• _PROBLEM DETAILS_: Using only the entries below, output the lines starting at the one containing "Daffodils (Narcissus) and" and ending at the one containing "Campaign Finance Reform", exactly and inclusive of both, omitting the pictures.

• _SOURCE DATA_:
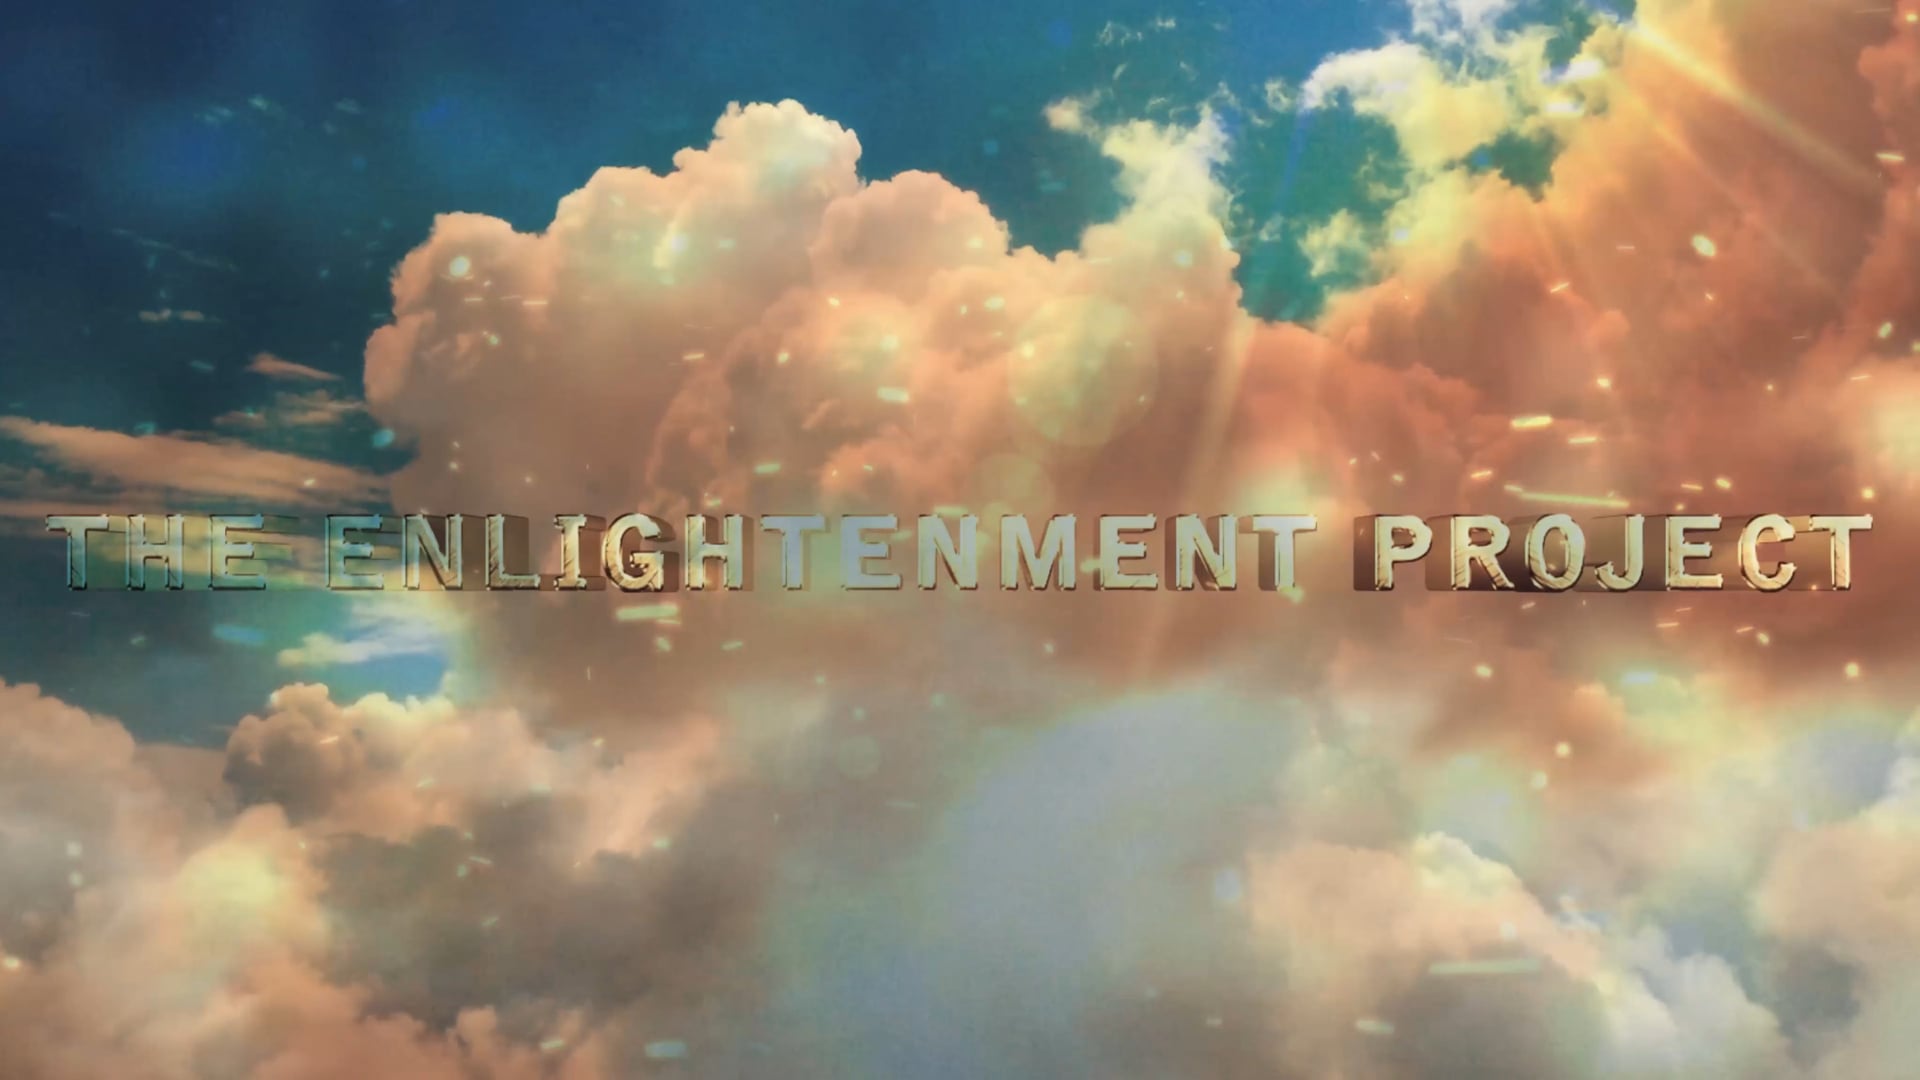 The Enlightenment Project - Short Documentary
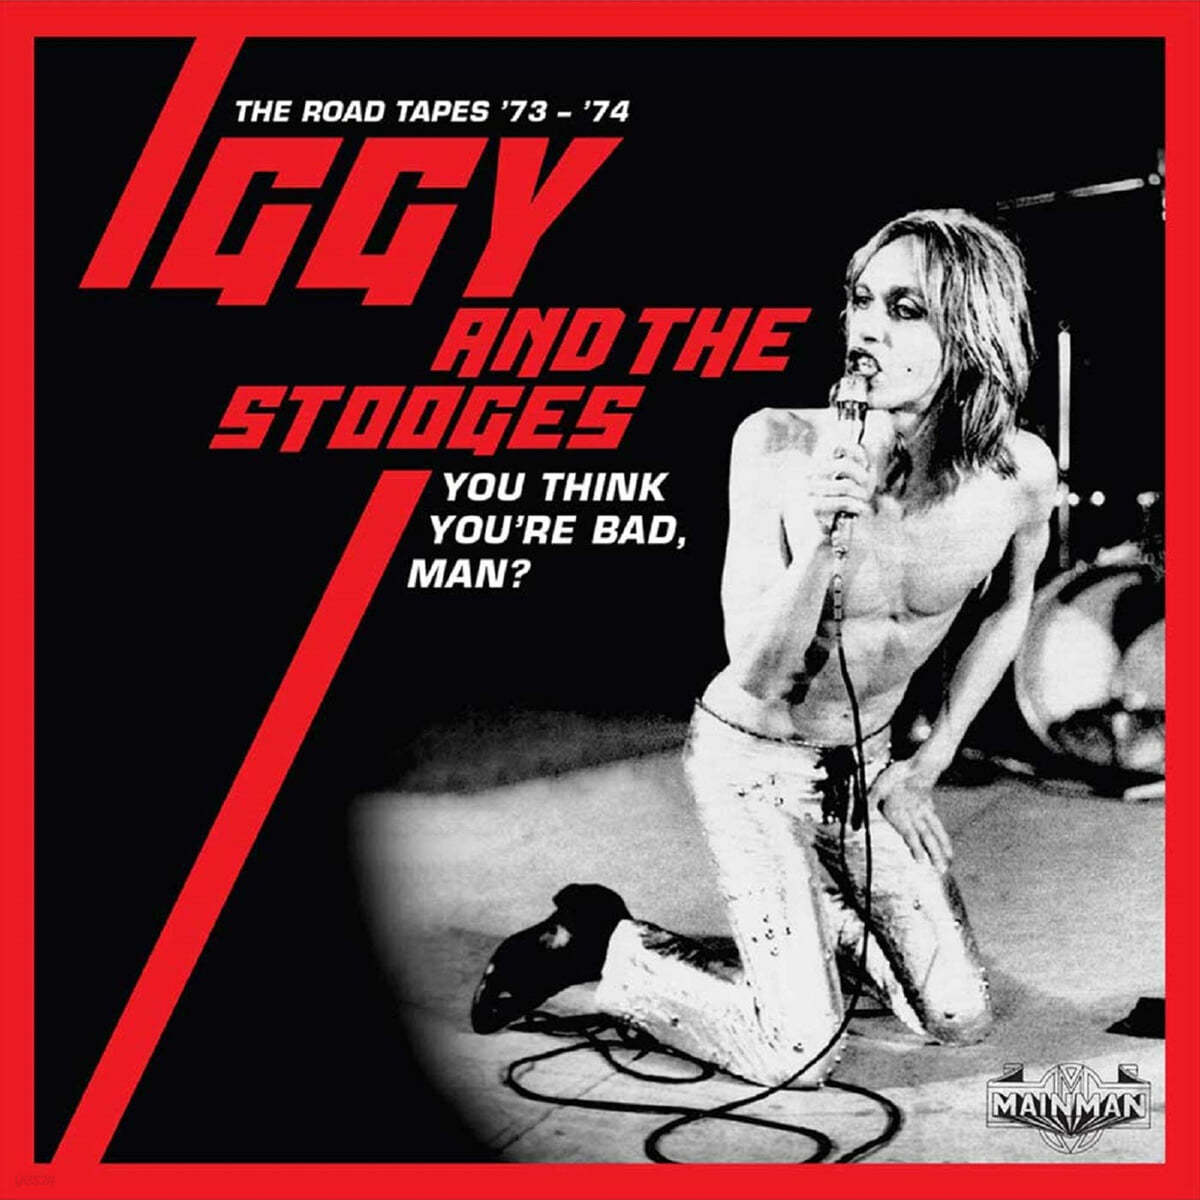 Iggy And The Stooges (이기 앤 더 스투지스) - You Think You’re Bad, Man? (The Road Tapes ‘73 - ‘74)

* * *

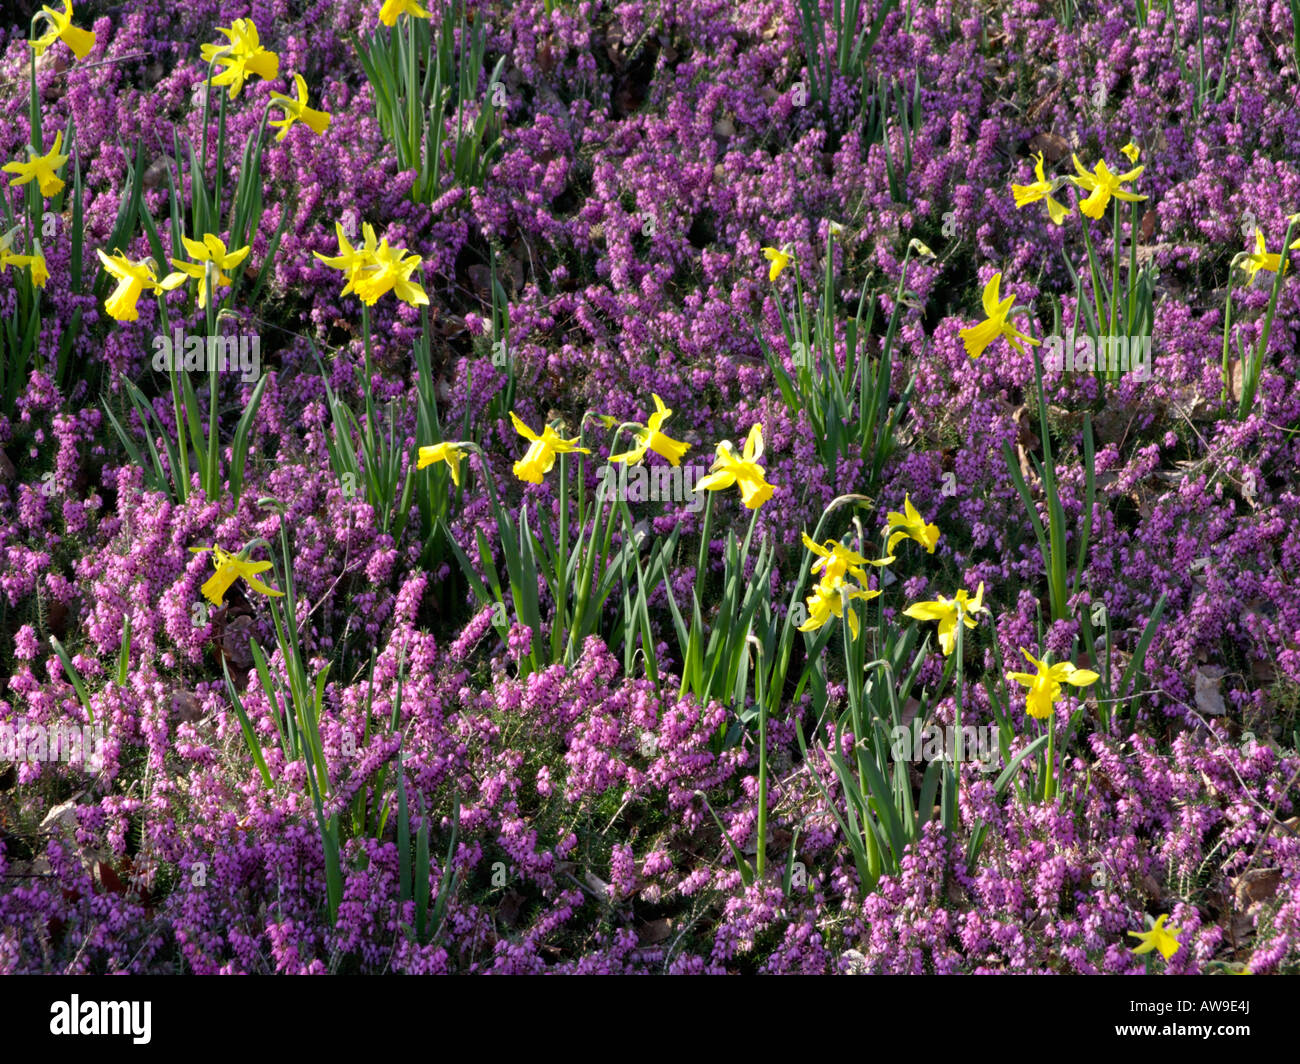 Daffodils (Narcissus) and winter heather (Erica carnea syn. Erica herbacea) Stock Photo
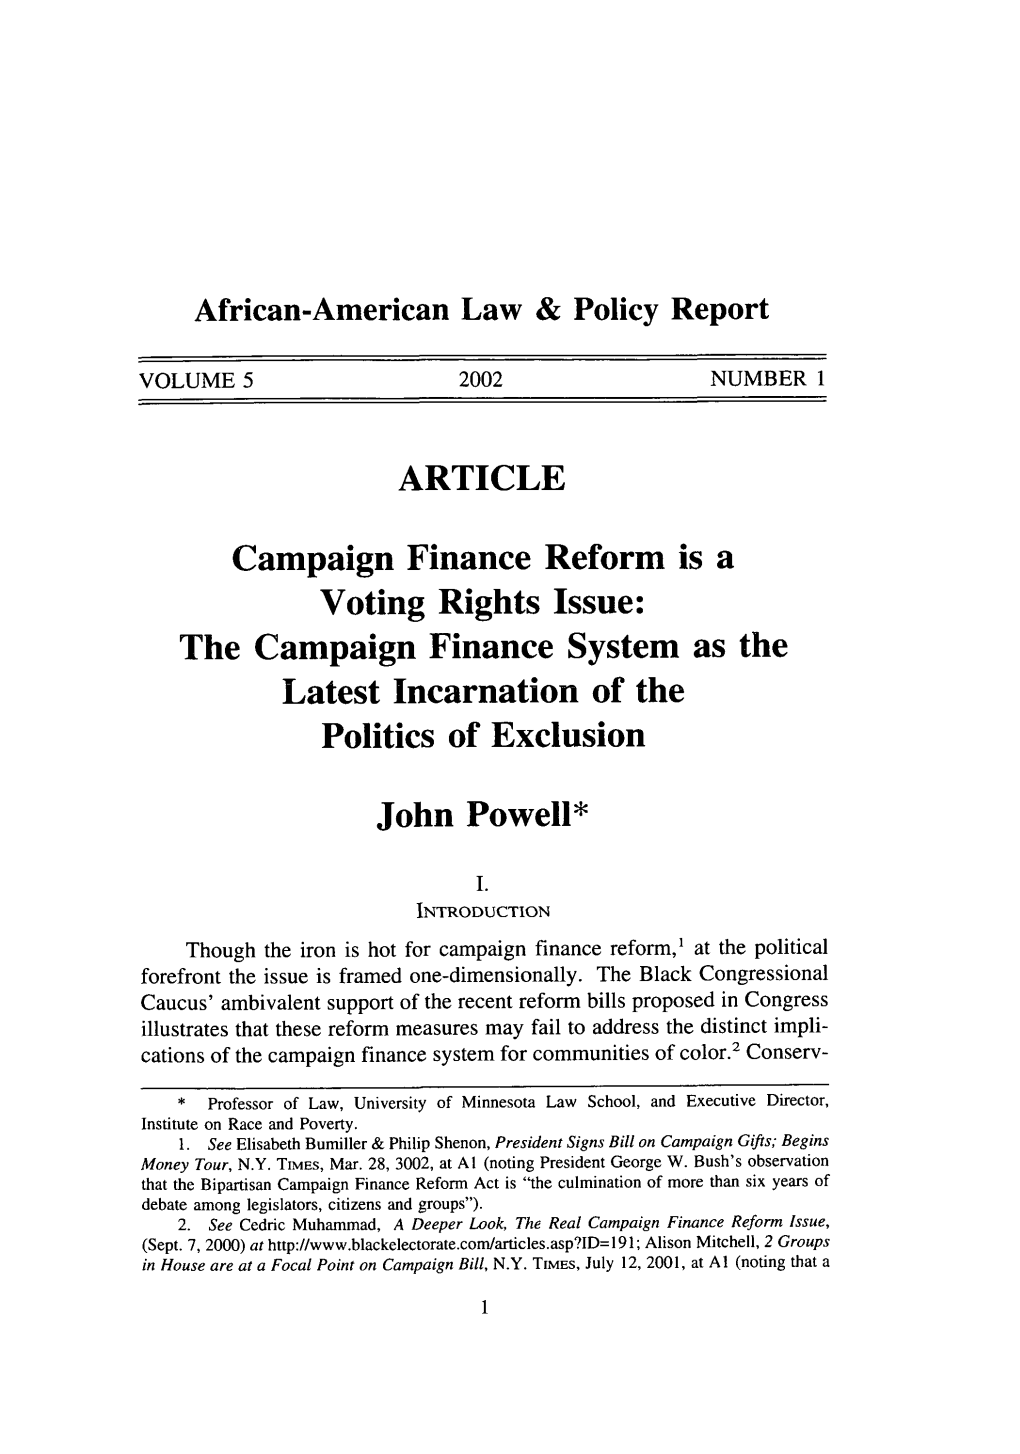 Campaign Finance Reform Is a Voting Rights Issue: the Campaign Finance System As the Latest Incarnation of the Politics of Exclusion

==

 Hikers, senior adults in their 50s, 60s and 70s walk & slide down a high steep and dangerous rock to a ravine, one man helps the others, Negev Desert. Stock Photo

• _RESPONSE FOR THIS EXERCISE_:
 Daffodils (Narcissus) and winter heather (Erica carnea syn. Erica herbacea) Stock Photo
 Campaign Finance Reform Is a Voting Rights Issue: the Campaign Finance System As the Latest Incarnation of the Politics of Exclusion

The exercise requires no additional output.